Tuttavia, sebbene gli sforzi profusi, l’Atto Unico Europeo aveva lasciato delle insoddisfazioni per ciò che concerneva la svolta decisiva dell’integrazione europea, in particolare relativamente alla politica economica e monetaria. In questo senso, sono state convocate due Conferenze intergovernative una sull’unione politica, l’altra sull’unione economica e monetaria. Ai sensi dell’art. 236 TCE, relativo alla modifica dei Trattati, le due conferenze hanno iniziato i lavori.
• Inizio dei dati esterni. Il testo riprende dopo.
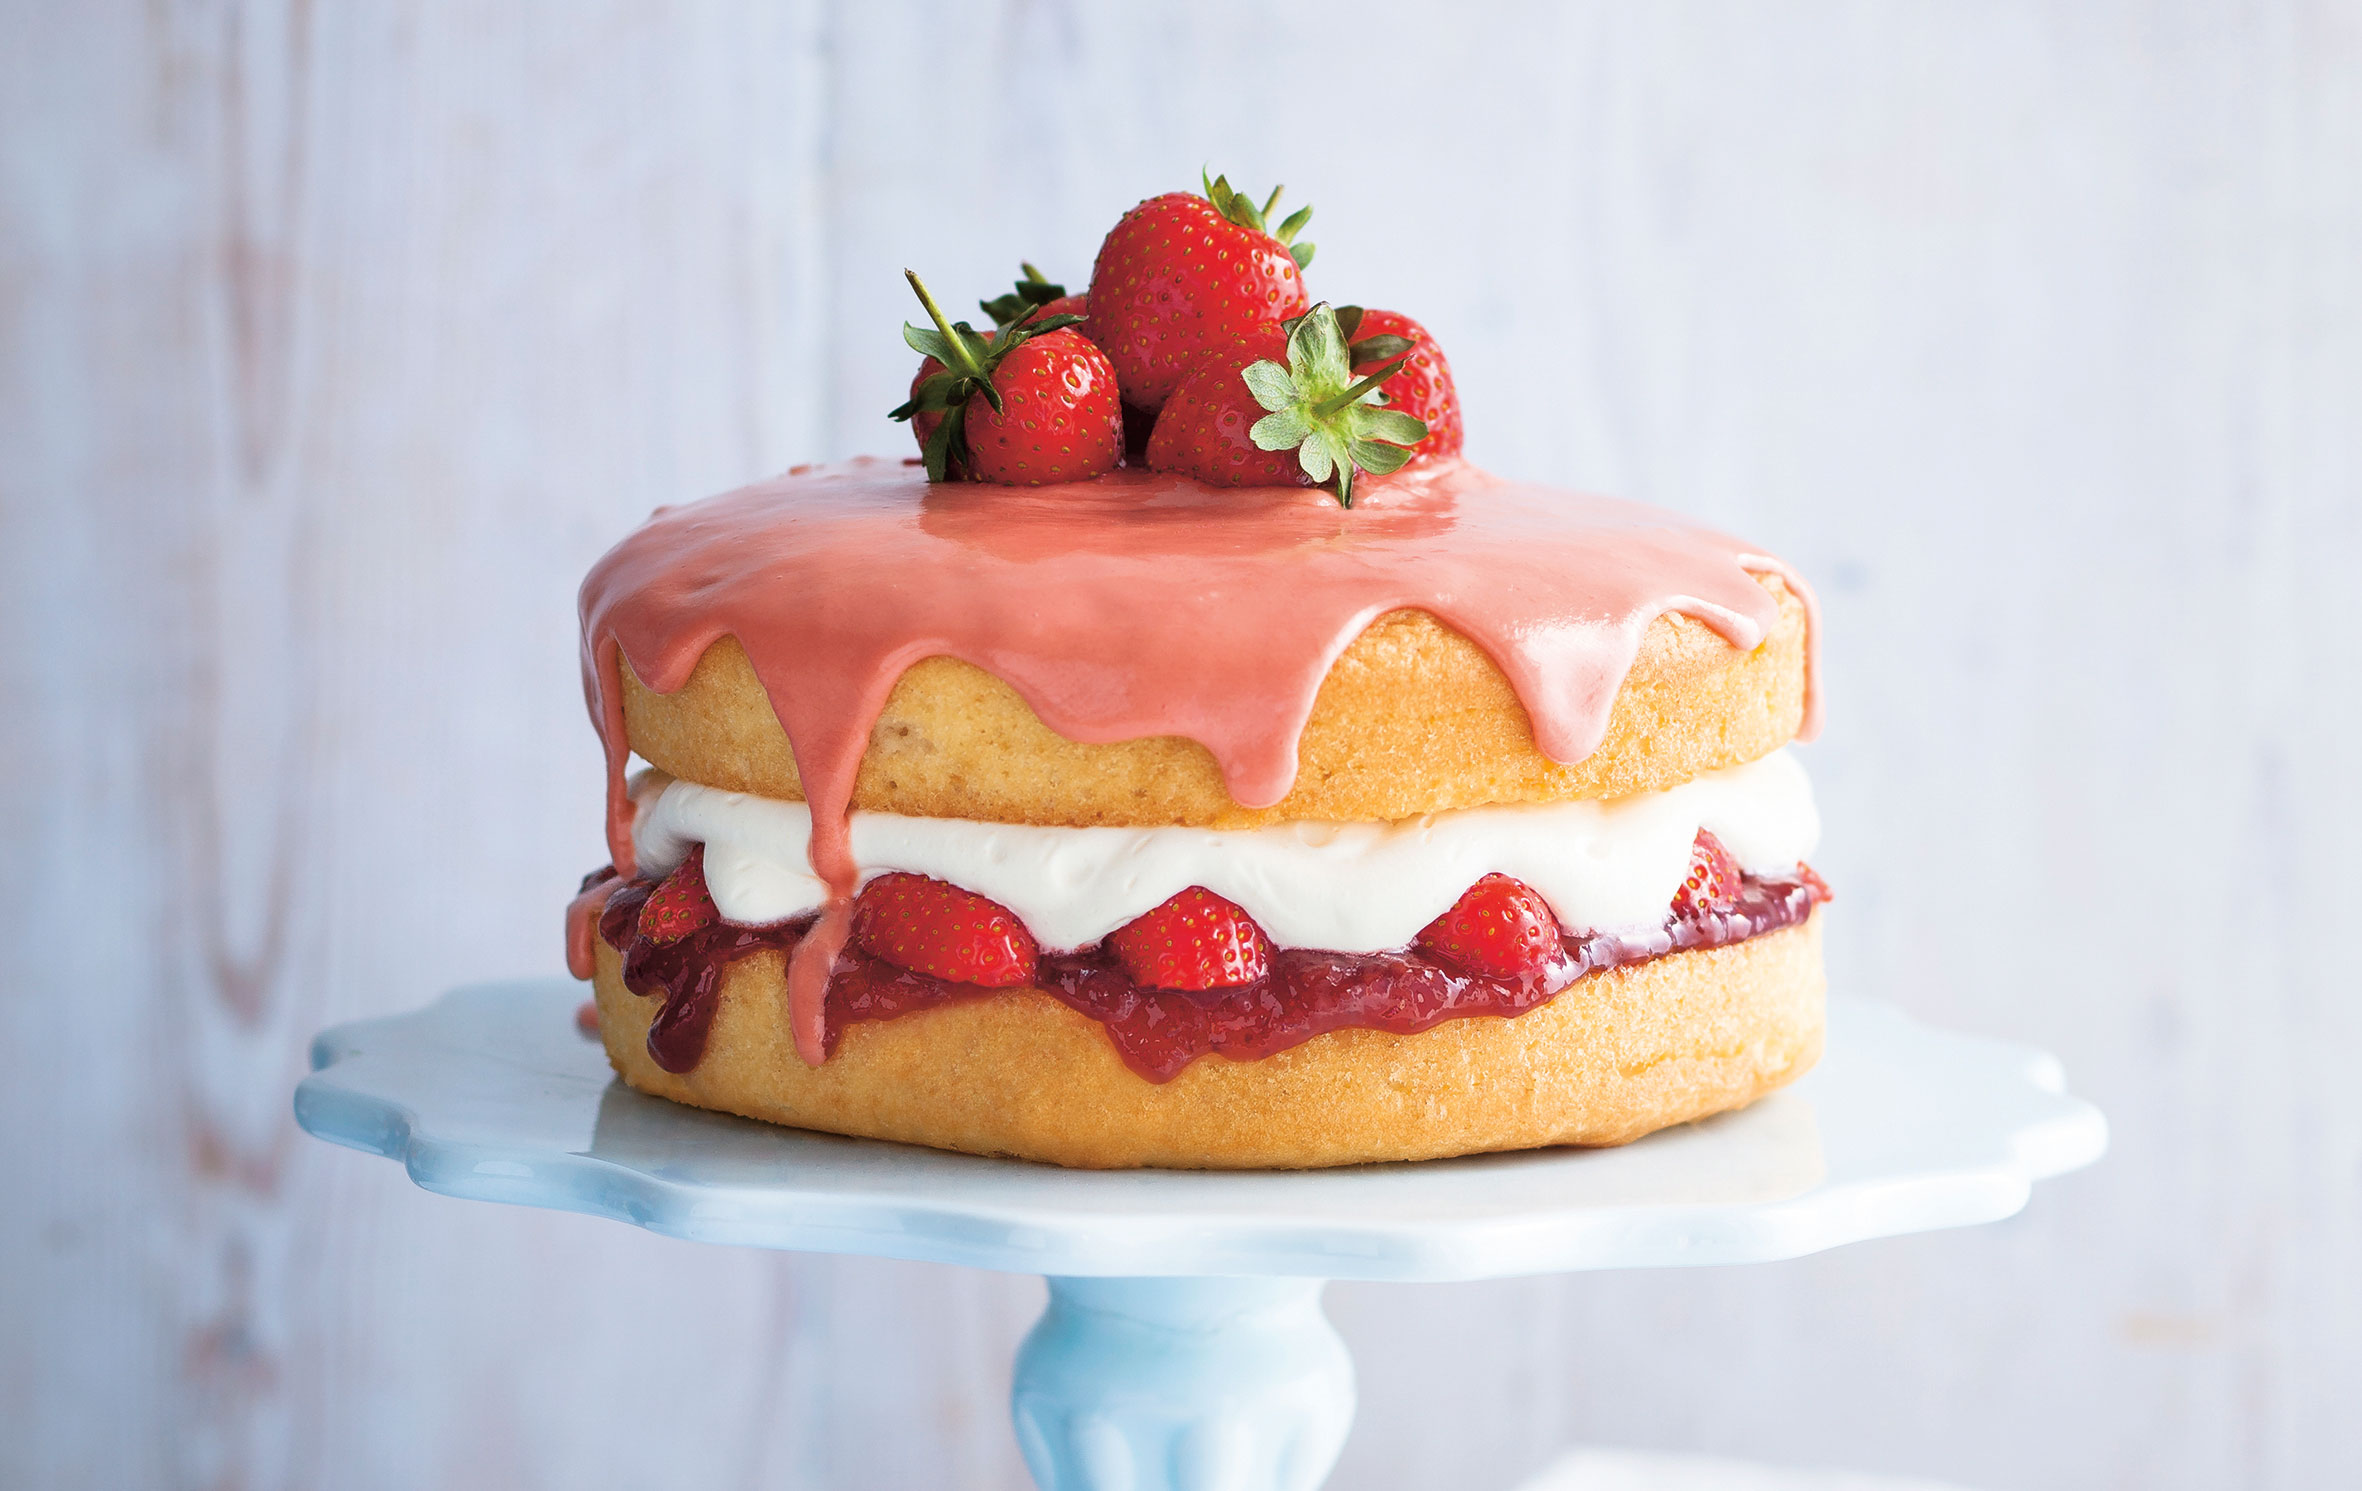 46 Summer cake recipes - Enjoy our seasonal, beautiful cake recipes

Il 7 febbraio del 1992 è stato firmato il Trattato di Maastricht ed è entrato in vigore il primo novembre del 1993.

Con il Trattato di Maastricht35, o anche Trattato sull’Unione Europea (TUE), si è inaugurata una nuova fase per la storia dell’integrazione europea. Il Trattato in questione ha comportato una rilevante trasformazione dell’assetto istituzionale comunitario e ha, soprattutto, rappresentato un notevole progresso nel cammino dell’unione politica.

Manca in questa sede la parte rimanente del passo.